Anabolic activities of Anavar are deemed effective by bodybuilders because of its structure – designed to encourage resistance to catabolism in skeletal muscle tissues.
Because of its low estrogenic effects, oxandrolone resists conversion from testosterone into estrogen (aromatization), so bodybuilders don’t feel compelled to use anti-estrogenic drugs to prevent typical estrogen-like side effects such as water retention, increase in body fat, and gynecomastia.
However, that doesn’t mean that such side effects may not occur depending on individual reactions to the drug.
Side effects among men and women using oxandrolone (Anavar) are case dependent.
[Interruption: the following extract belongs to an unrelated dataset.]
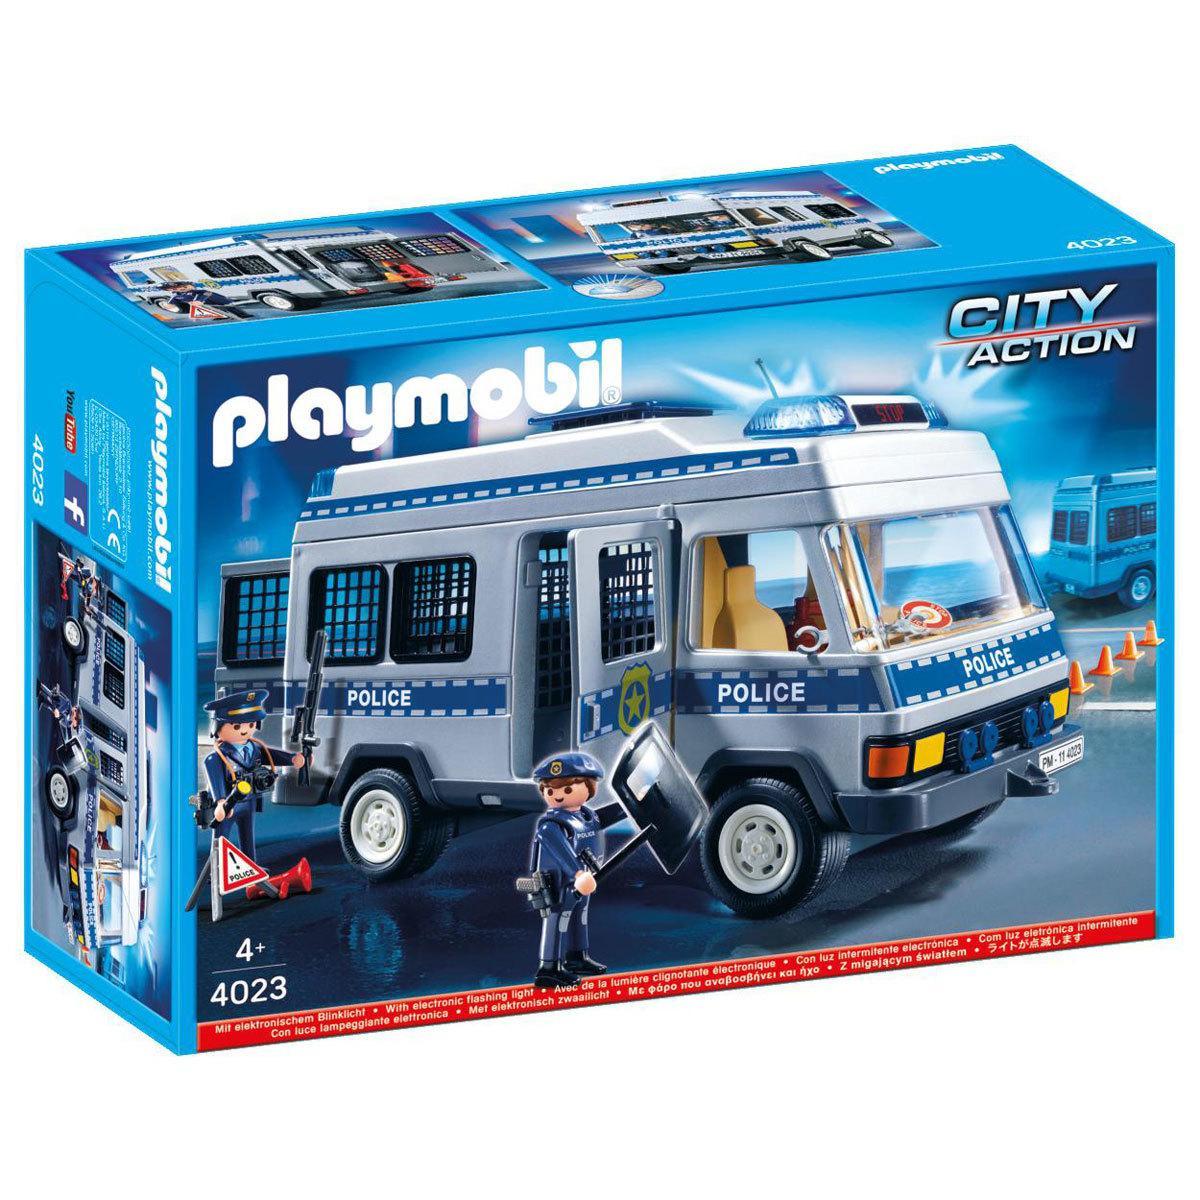 Playmobil 4023 Полиция Автозак с мигалкой Полицейский фургон Police Van with Police Officers

Individual reactions and results when using anabolic steroids depend on age, weight, overall health status, diet, exercise and exercise intensity, and genetics.
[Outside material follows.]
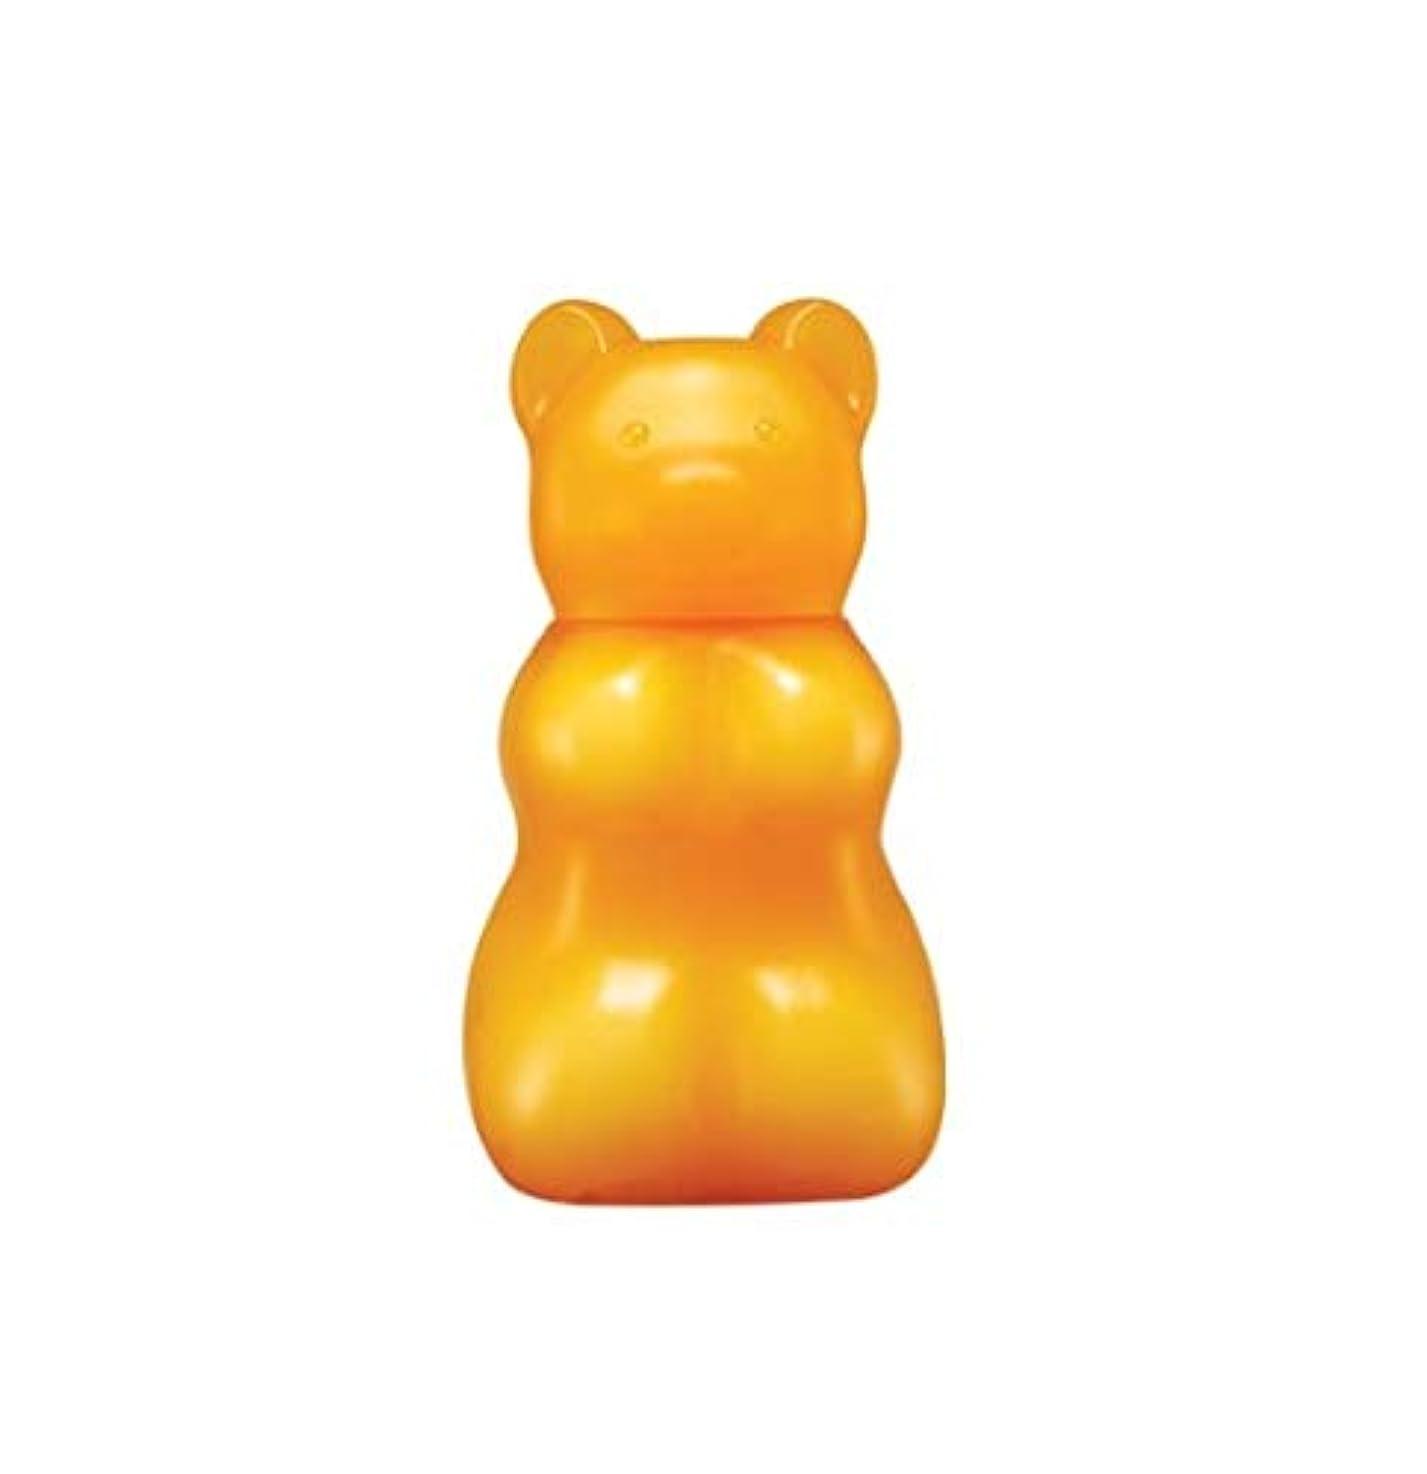 Skinfood グミベアゼリークリーンジェル(アップル)#オレンジ(ハンドクリーム) / Gummy Bear Jelly Clean Gel (Apple) #Orange (Hand Cream) 45ml [並行輸入品]

Among women, virilization is the most undesired, yet common side effect. For example, women may note growth of hair on the face and on the body.
Amenorrhea or irregularities in menstrual cycles are also a potential side effect of anabolic-androgenic steroid usage. Women may also experience a deeper or hoarser voice and enlarged clitoris.
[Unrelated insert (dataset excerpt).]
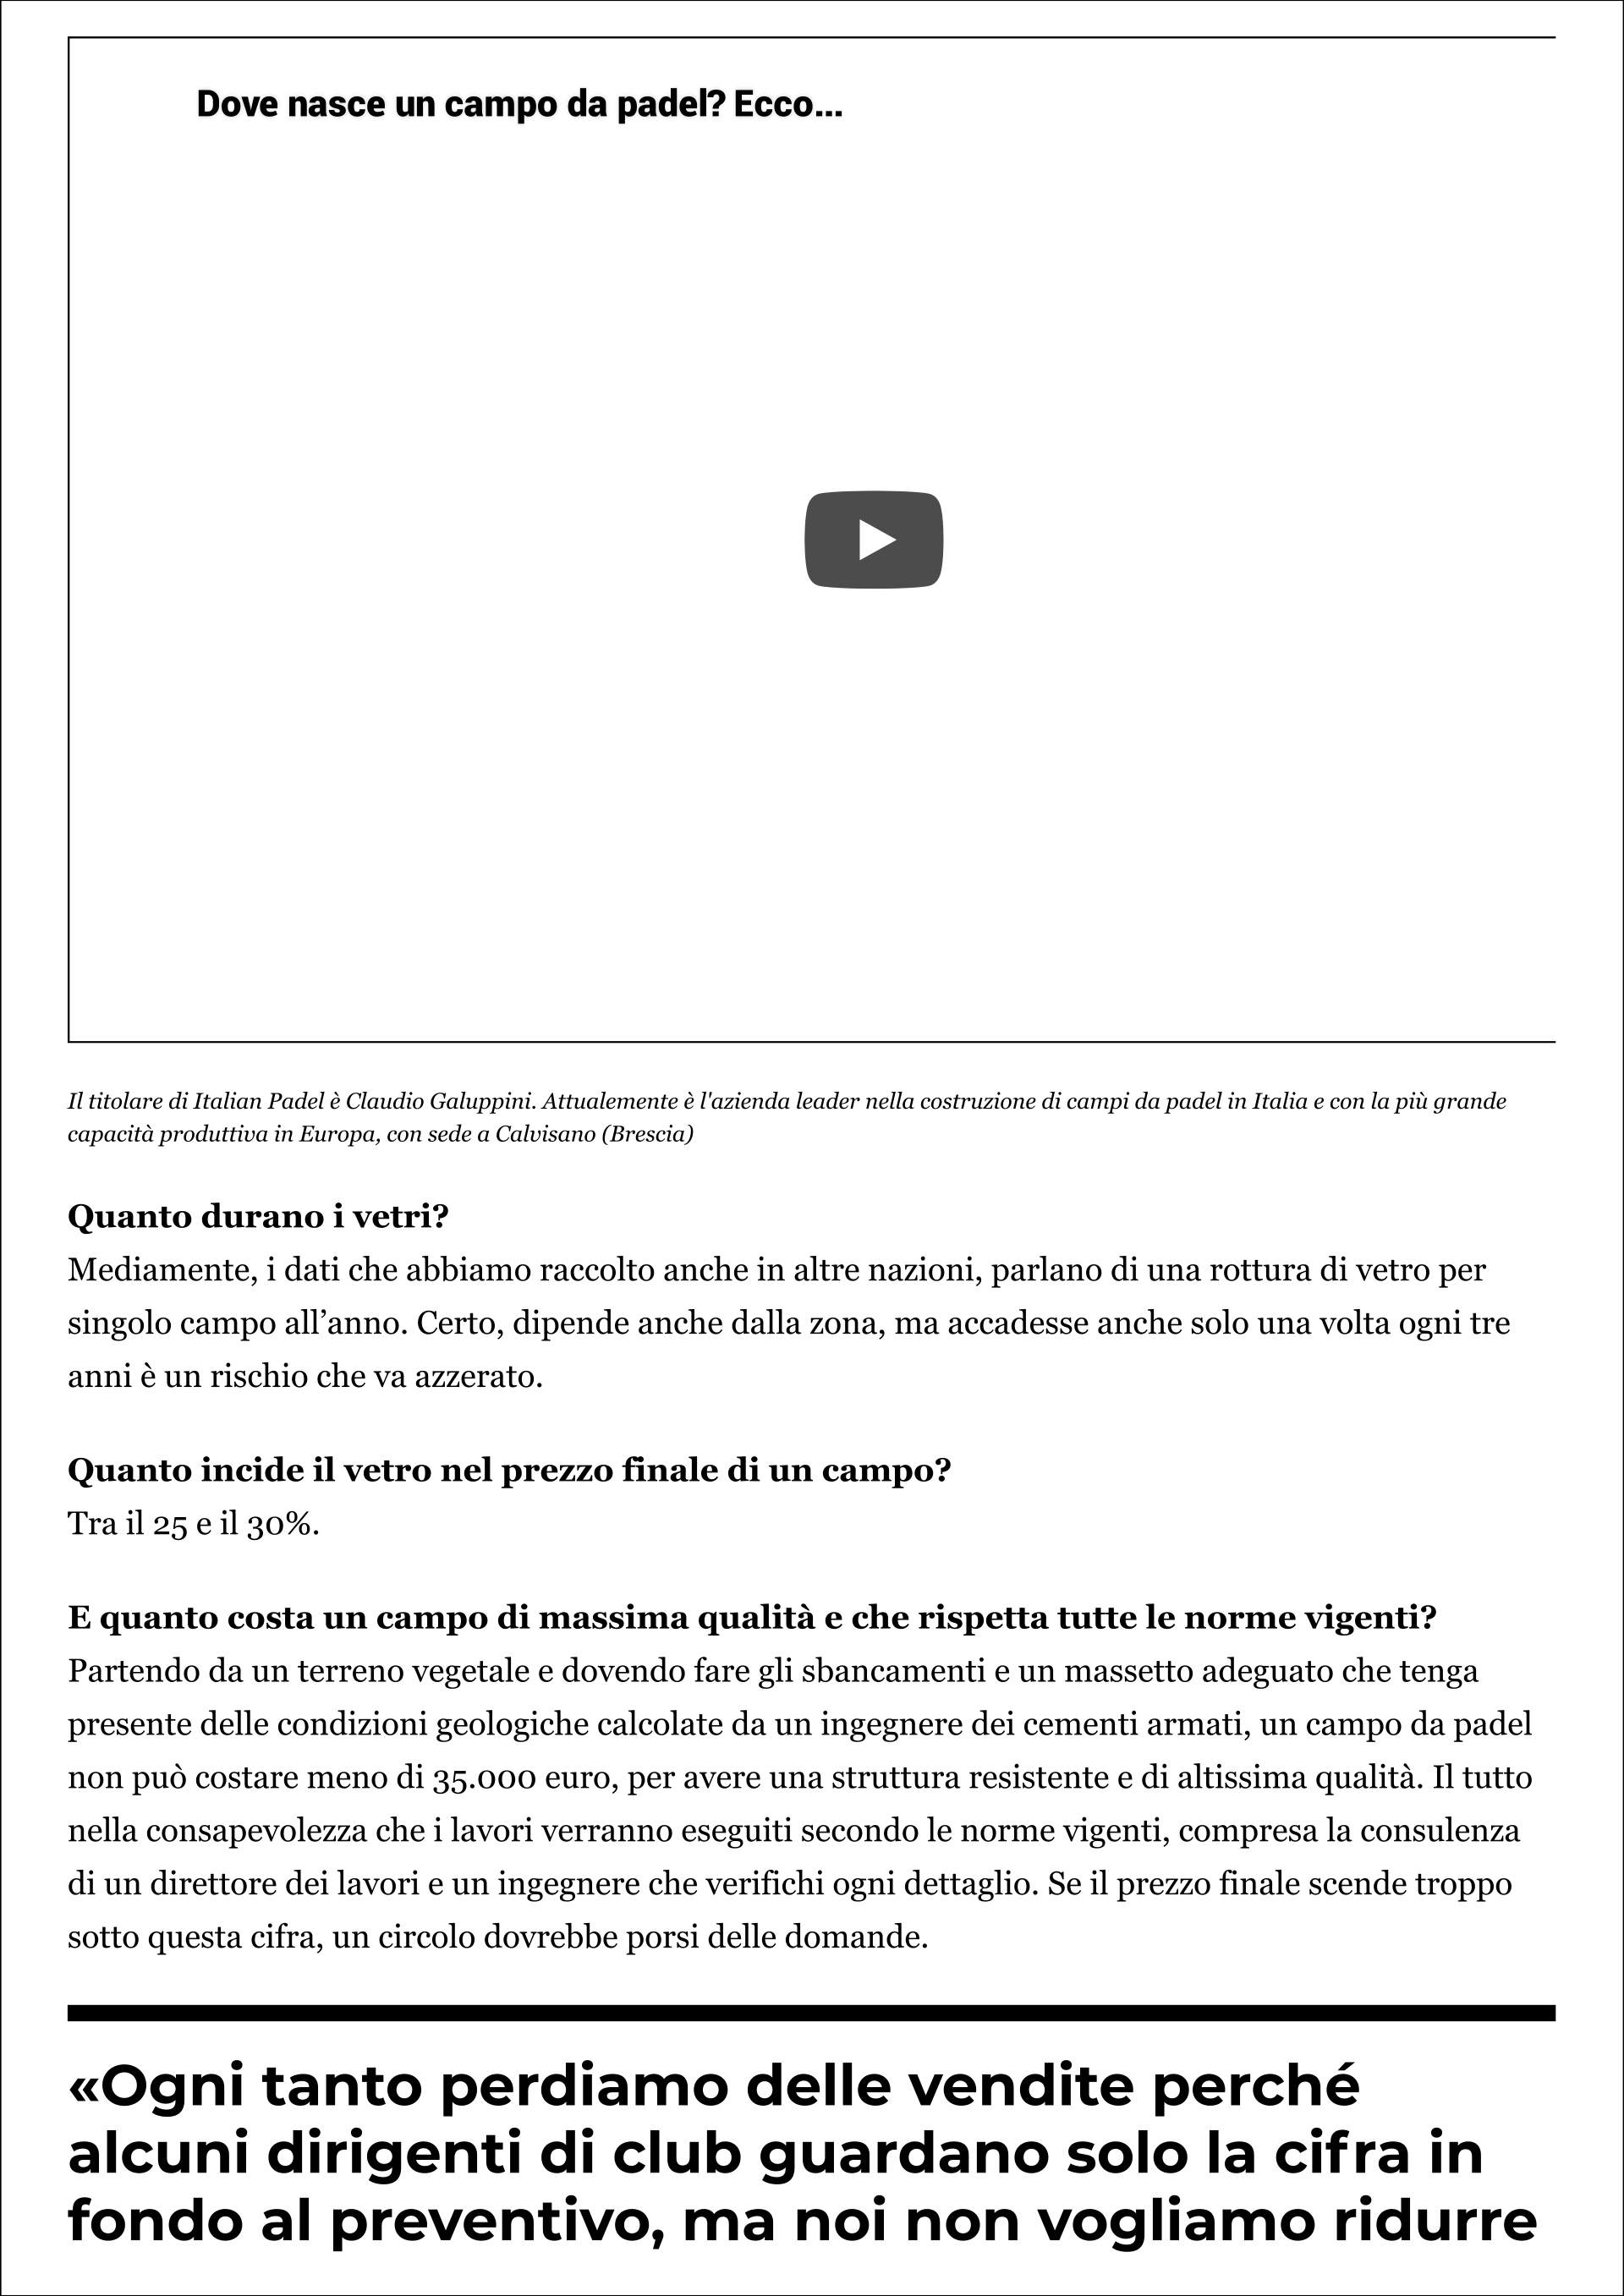 The Leader: Italian Padel (Padel Magazine - 5 novembre 2019) - 3

Some of these side effects of virilization are irreversible, even if the steroid is discontinued at the first sign of such reactions.
Be aware that although anabolic steroids like Anavar may prove beneficial in some cases, non-medical use does not negate the numerous and negative reports of damaging effects of anabolic steroids on the central nervous system.
Liver damage may occur with use of oral anabolic steroids like oxandrolone due to the substituted 17-alpha-carbon. Men are at risk for testicular atrophy and prostatic hypertrophy. Men also can experience a number of side effects, including priapism.
A recent case study of the 24-year-old man experiencing repetitive incidence of priapism (along with a diagnosis of Type 1 diabetes, use of street drugs, and admitted long-term usage of oral oxandrolone) was treated in an emergency room for his seventh episode of priapism, the most recent lasting 36 hours.
While oxandrolone and other anabolic steroids can have a positive effect on increasing synthesis of proteins in muscle and other tissues, use of anabolic steroids can also have a negative impact.
Even though Anavar produces fewer extreme androgenic effects than other anabolic steroids does not make it perfectly safe for users.
Women who are pregnant, planning to get pregnant, or breast-feeding should avoid use of Anavar and other anabolic-androgenic steroids due to possible dangers of fetal development as well as risks to infant growth and health.
Also be aware of the emotional and mental side effects associated with anabolic steroid usage. The most common side effects in this regard include irrational or erratic behavior, increased aggressiveness, and erratic mood swings.
A number of bodybuilding forum discussions state that they’ve read that anabolic steroids don’t have an effect on brain function directly, but in a way they do.
In animal studies, anabolic steroids have been shown to influence synthesis of dopamine in the brain.
Some studies have sought to explore and assess the relationship between dopamine and steroids, especially in regard to Parkinson’s patients, and the potential of steroids to have a beneficial impact on a number of central nervous system disorders.
These studies are years away from determining whether benefits overwhelmingly outweigh risks of use.
In the meantime, it’s important for bodybuilders to accept the fact that misuse, overuse, and abuse of anabolic steroids can have a negative impact on brain chemical activities and pathways including production and function of dopamine and serotonin, both of which have a vital influence on emotional aspects of health.
Before considering use of Anavar or other anabolic-androgenic steroids for physical performance enhancement, physique, or bodybuilding competitions, understand that gains are temporary.
As the drugs are discontinued, those gains will gradually disappear.
The same cannot always be said of the side effects and adverse reactions to drug use, not only limited to the anabolic steroid itself, but other drugs as mentioned that are designed to enhance benefits or negate or reduce side effects and adverse reactions.